*Dataset extract:*
▬▬▬

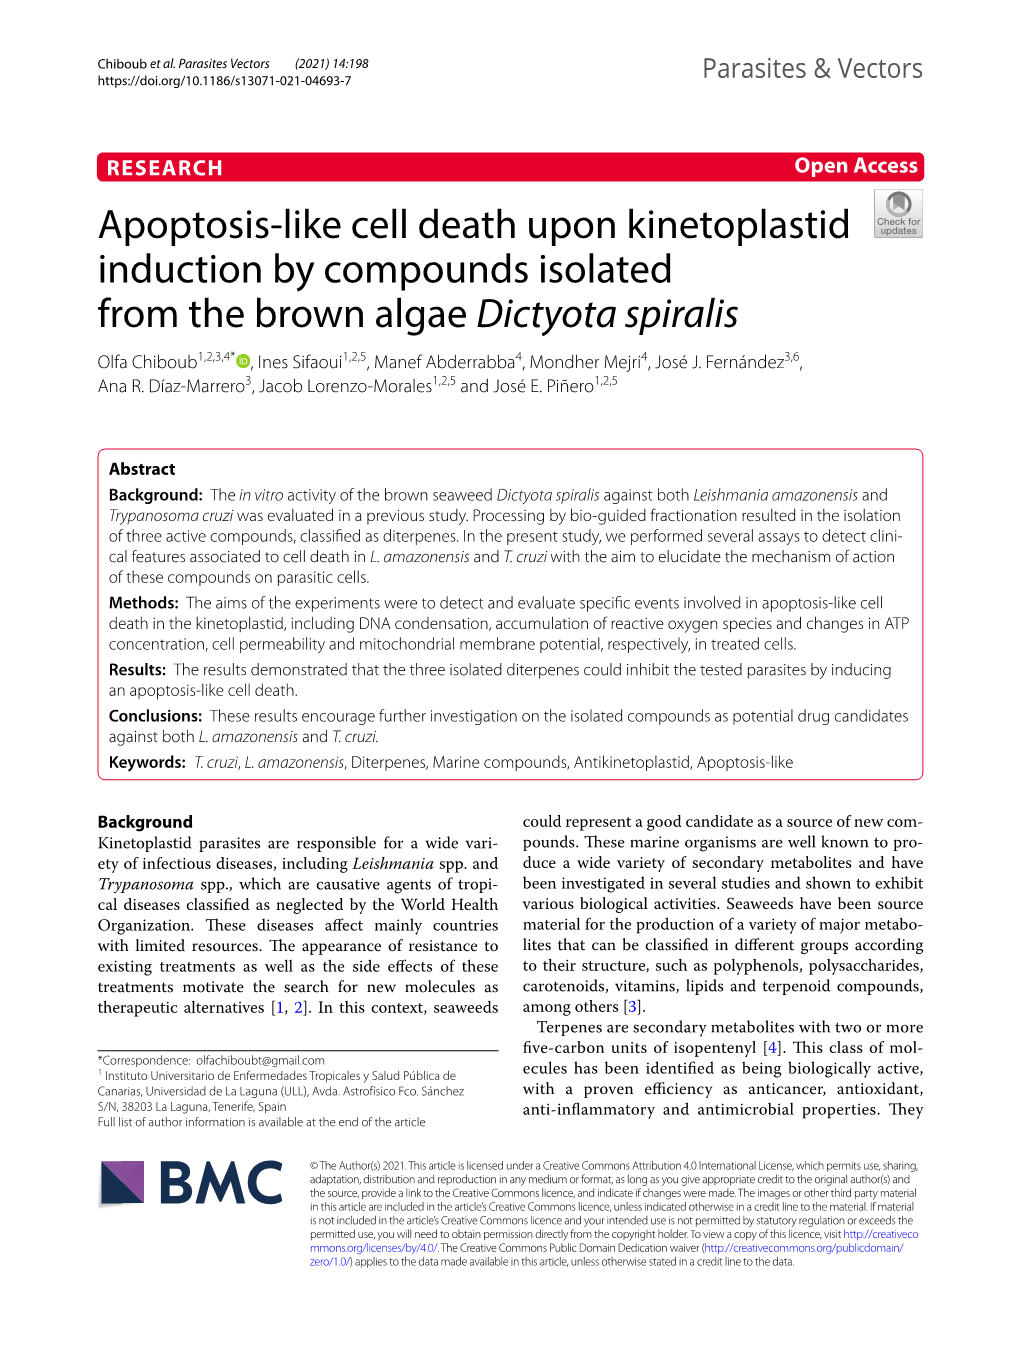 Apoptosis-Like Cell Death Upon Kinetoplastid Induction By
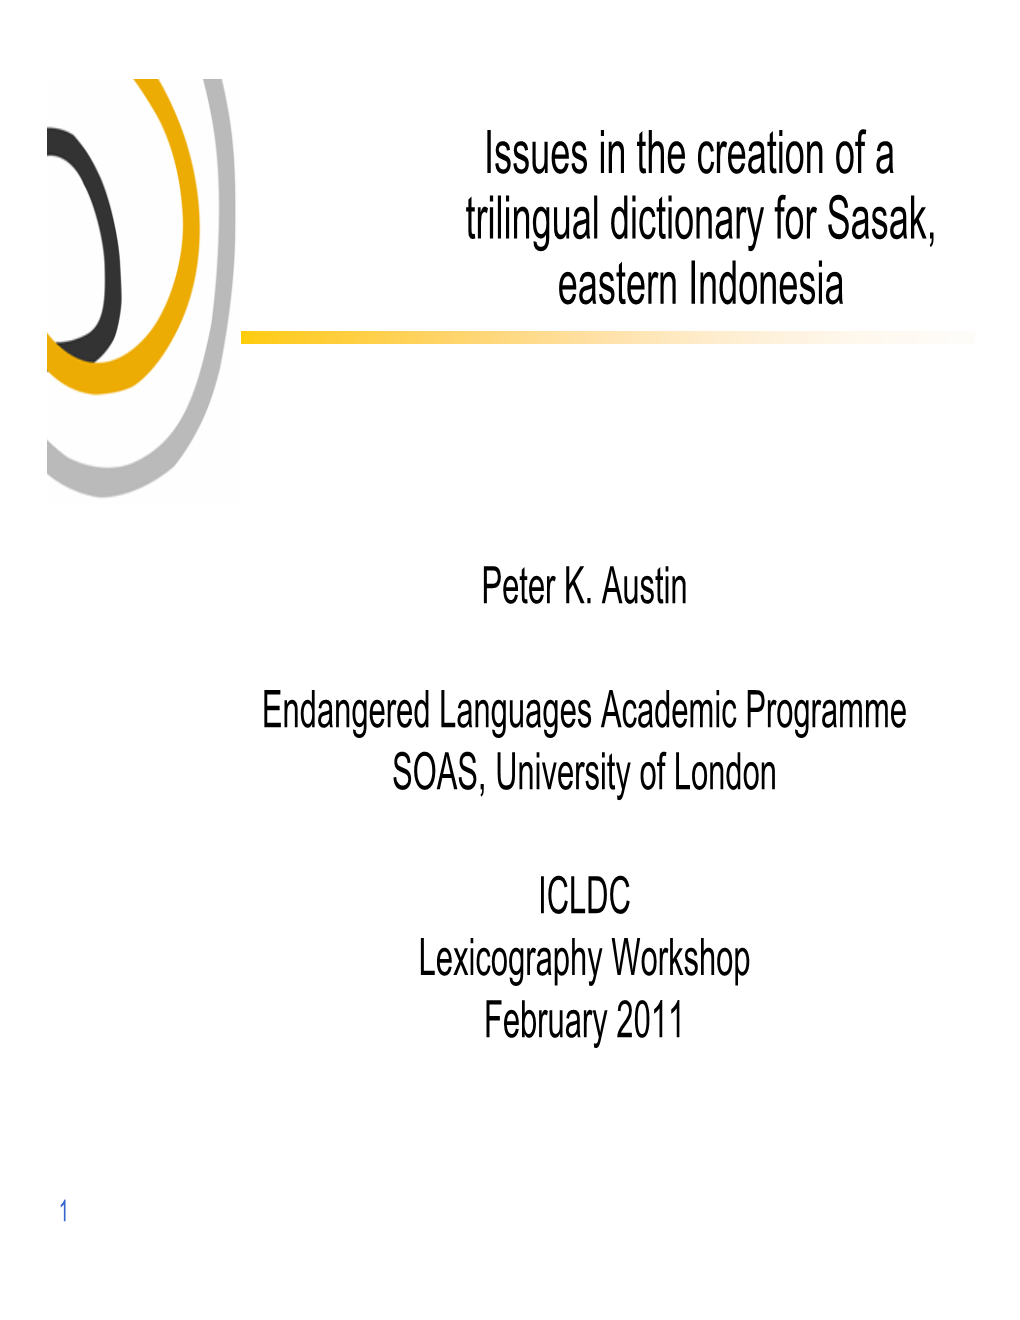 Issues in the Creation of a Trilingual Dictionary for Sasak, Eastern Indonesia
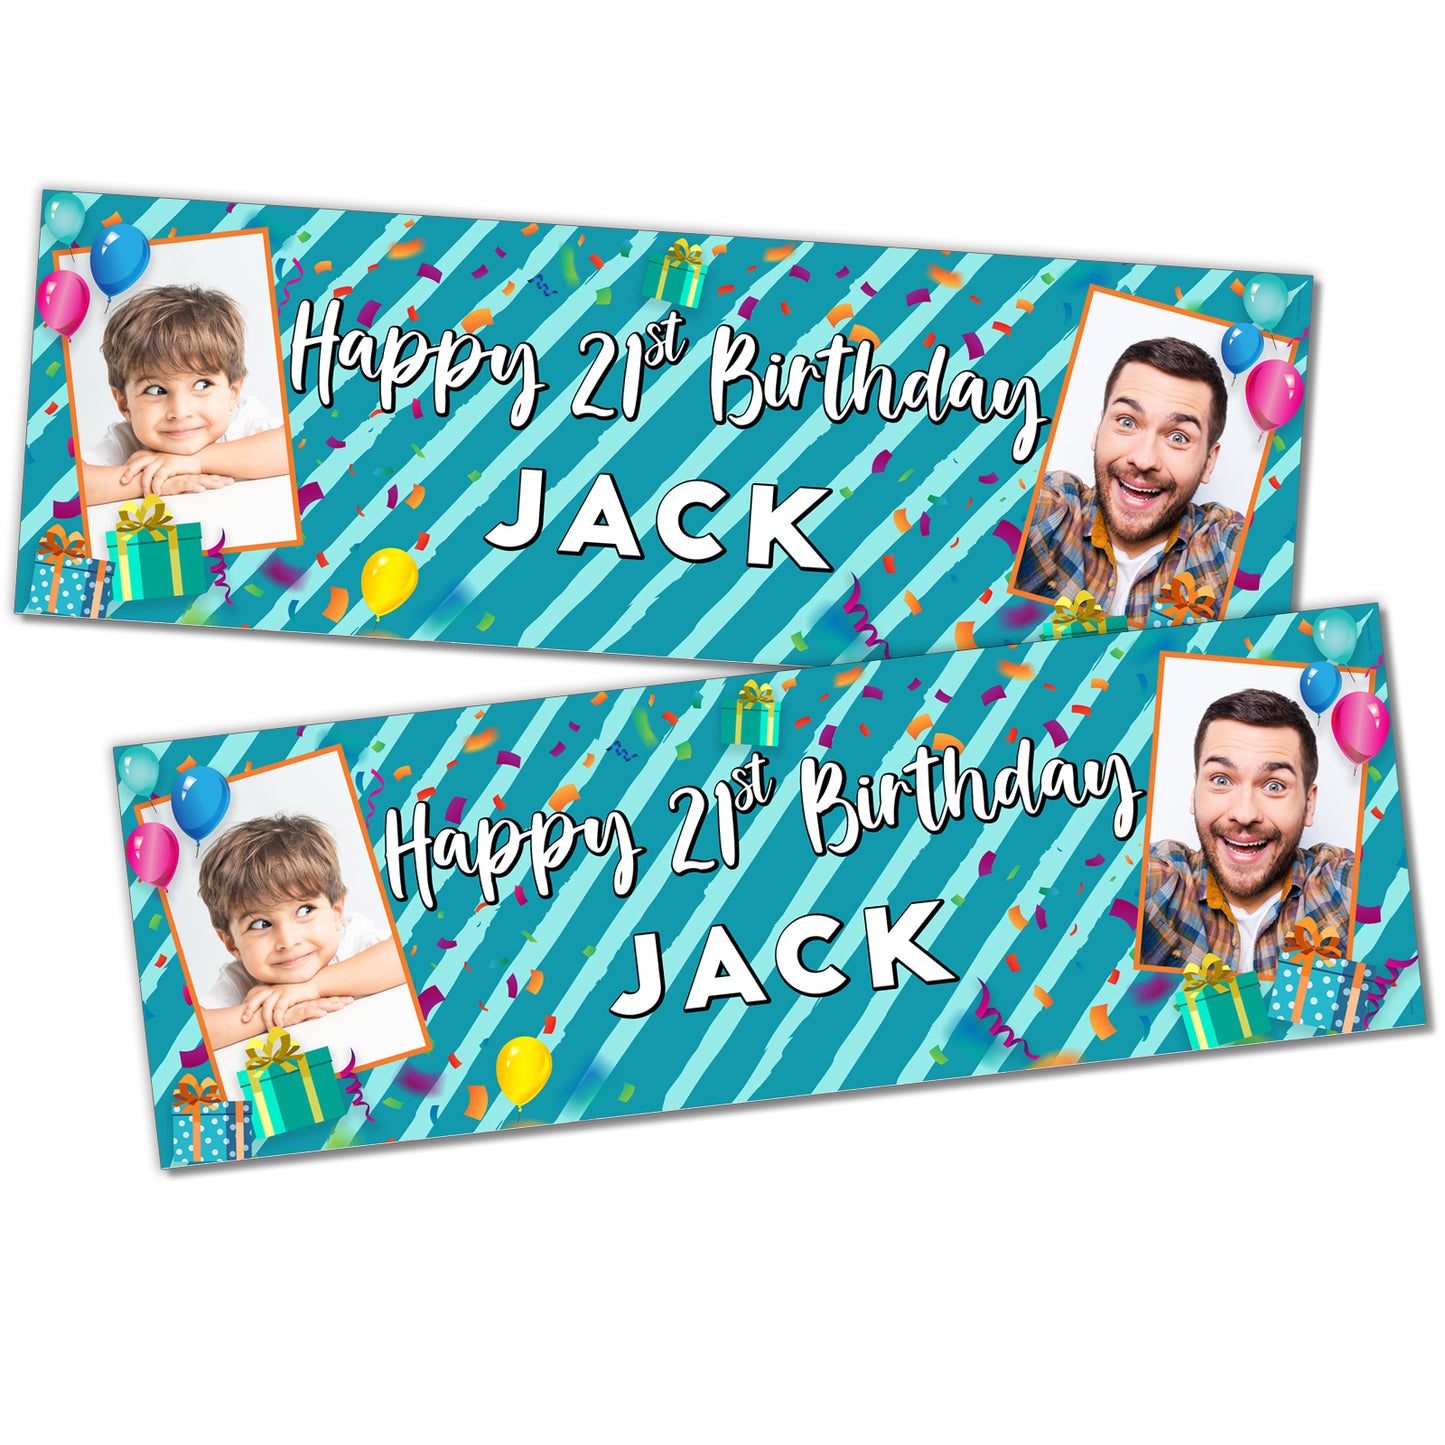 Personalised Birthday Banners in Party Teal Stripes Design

▬▬▬

*How to complete this task:*
Once the line containing "Issues in the" has been found, write out exactly that line and each one after it through the end of the data, leaving out every picture.

*Response to this exercise:*
 Issues in the Creation of a Trilingual Dictionary for Sasak, Eastern Indonesia
 Personalised Birthday Banners in Party Teal Stripes Design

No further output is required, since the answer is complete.